A comparison of 95% CI for \(\theta\) with the data on lifetimes of 10 pieces of equipment (Example 4.1.1)
method lower upper
Normal approx. 11.40 76.60
Sprott 22.69 103.03
LRT 22.80 102.40

Methods for CI

  • Normal approximation \[ W_1(\theta) = \Bigg[\frac{(\hat\theta - \theta)}{\big[I(\hat{\theta})\big]^{-1/2}} \Bigg]^2 = (\hat\theta - \theta)^2 I(\hat\theta) \]

  • Sprott’s method \[ W_2(\theta) = \Bigg[\frac{(\hat\phi - \phi)}{\big[I_1(\hat{\phi})\big]^{-1/2}} \Bigg]^2 = (\hat\theta^{-1/3} - \theta^{-1/3})^2 I_1(\hat\theta^{-1/3}) \]

  • LRT \[ W_3(\theta) = 2\ell(\hat\theta) - 2\ell(\theta) = 2r\Big[(\hat\theta/\theta)-1-\log\big(\hat\theta/\theta\big)\Big] \]

  • \(W_j(\theta) \sim \chi^2_{(1)}\;\;j=1, 2, 3\;\;\text{under $H_0$}\)

Comparisons between normal approximations and LRT

Type II censoring plan

  • Assume lifetime \(T\sim\text{Exp}(\theta)\)

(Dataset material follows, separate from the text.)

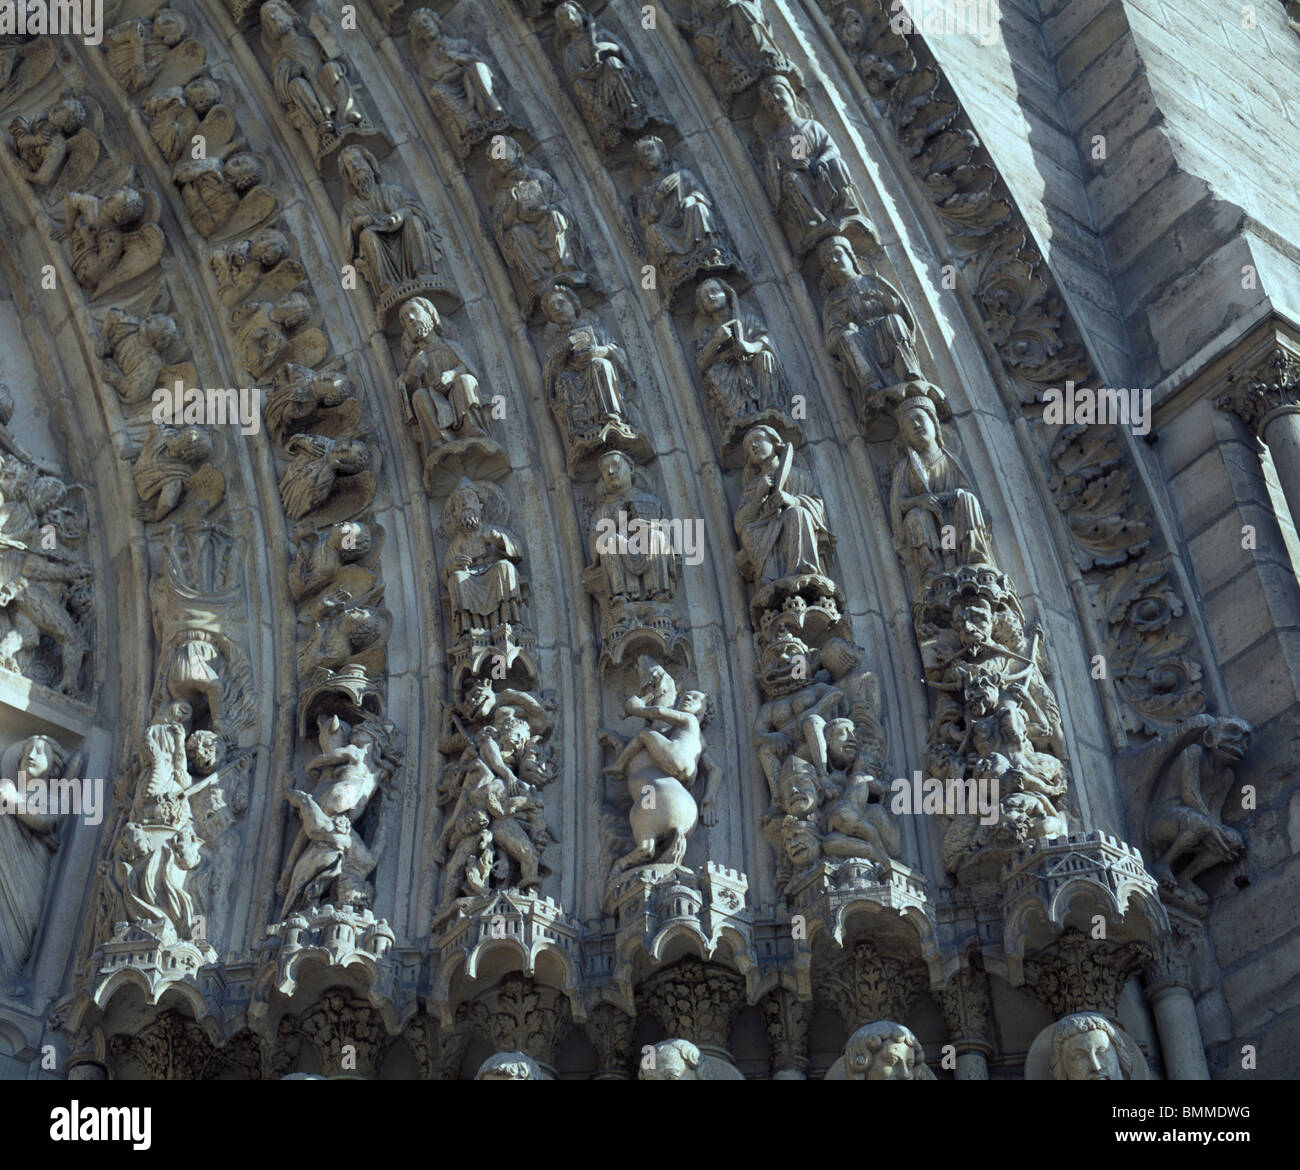 Notre Dame, Paris, France. Sculpture d'anges saints et les bêtes sur le portail central de la façade ouest de la cathédrale gothique française. Banque D'Images

  • Let \(t_{(1)} < \cdots < t_{(r)}\) be the \(r\) smallest lifetimes observed from an experiment with \(n\;(\geq r)\) subjects

  • The joint distribution of \(t_{(1)}, \ldots, t_{(r)}\) \[\begin{align} f_T(t_{(1)}, \ldots, t_{(r)}) &= \frac{n!}{(n-r)!}\Big[\prod_{i=1}^r(1/\theta)e^{-t_{(i)}/\theta}\Big]\Big[e^{-t_{(r)}/\theta)}\Big]^{n-r} \notag \\[.3em] & = \frac{n!}{(n-r)!} \;\big({1}/{\theta}\big)^r\;e^{-\frac{1}{\theta}\big[{\color{purple}\sum_{i=1}^r t_{(i)} + (n-r)t_{(r)}}\big]}\notag \\[.25em] & = \frac{n!}{(n-r)!} \;\big({1}/{\theta})^r \;e^{-{\color{purple}T_0}/\theta}\label{joint-type2} \end{align}\]

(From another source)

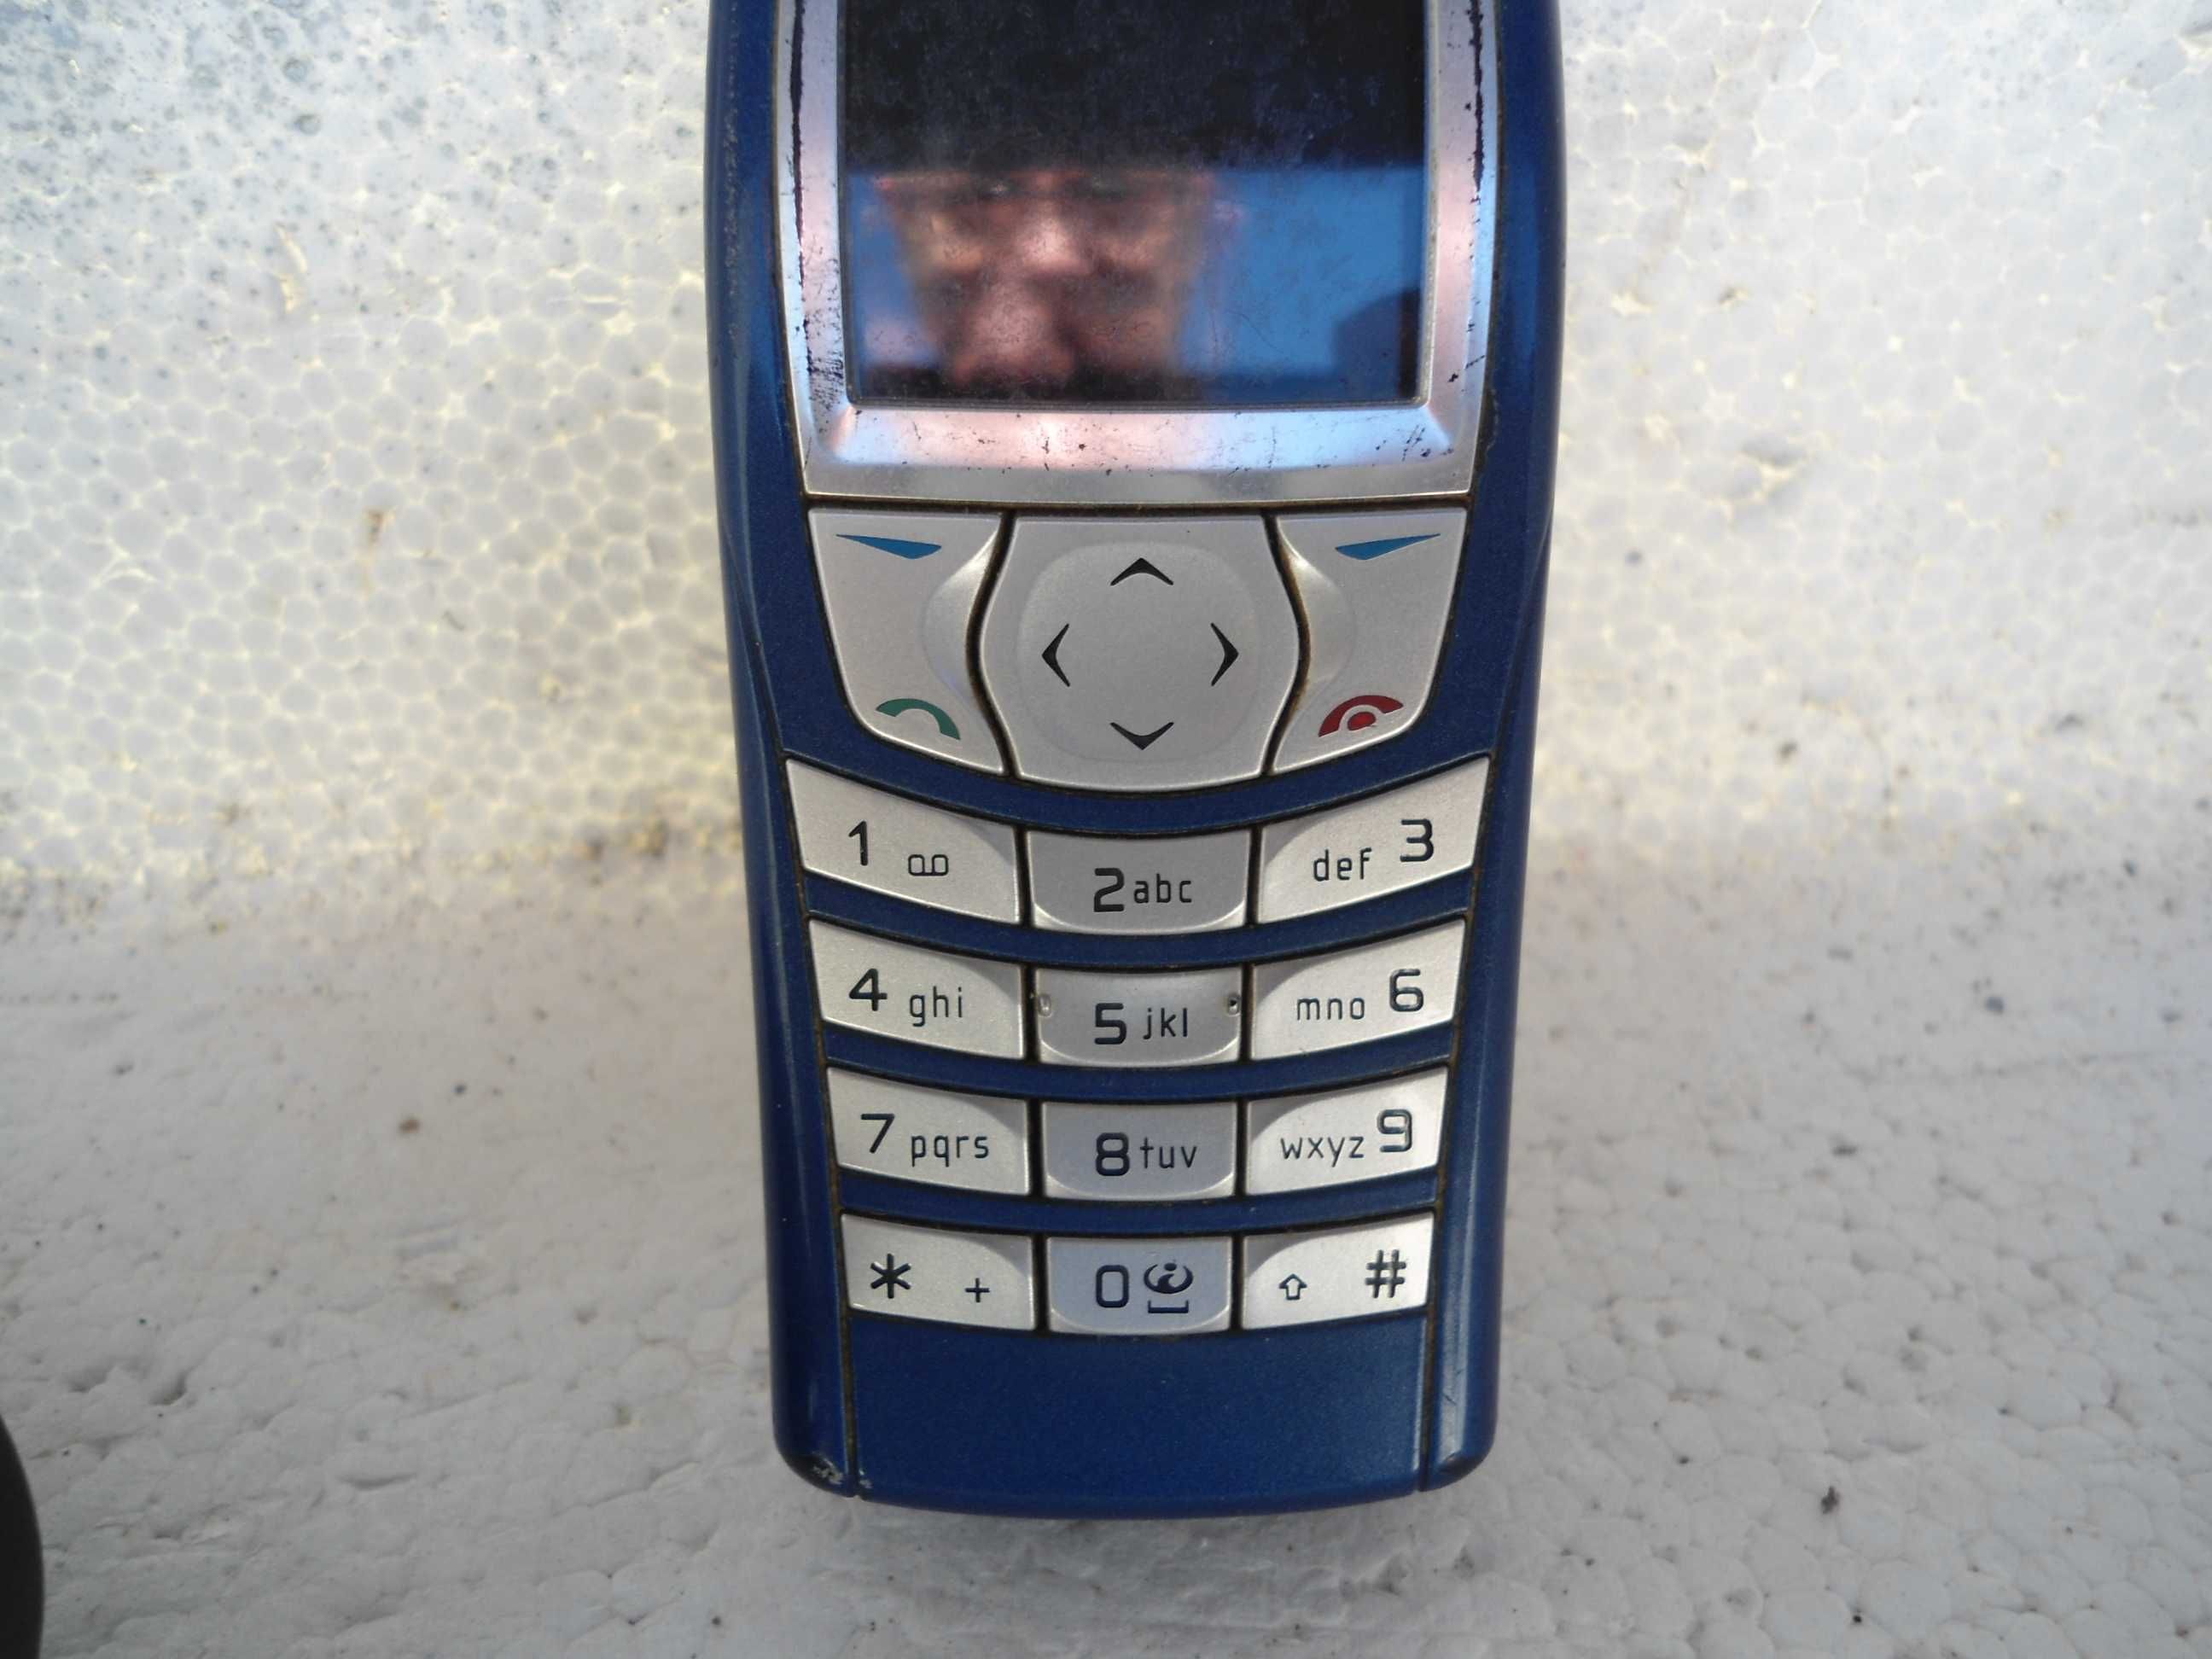 Nokia 6610 i - Telemovel para colecionadores

  • The log-likelihood function \[\begin{align} \ell(\theta) &= -\frac{1}{\theta}\sum_it_{(i)} -r\log(\theta) - (1/\theta)(n-r)t_{(r)} +\text{Const.} \notag \\ & = -\frac{1}{\theta}\Big[\sum_{i=1}^r t_{(i)} + (n-r) t_{(r)} \Big] -r\log(\theta)+ \text{Const.} \notag \\ & = -\frac{T_0}{\theta} -r\log(\theta) + \text{Const.} \label{logL-type2} \end{align}\]

  • Maximum likelihood estimator \[ \frac{\partial \ell(\theta)}{\partial\theta}\bigg\vert_{\theta = \hat\theta} =0 \;\;\Rightarrow\;\; {\color{purple}\hat\theta = (1/r)\Big[\sum_{i=1}^r t_{(i)} + (n-r) t_{(r)} \Big]} \]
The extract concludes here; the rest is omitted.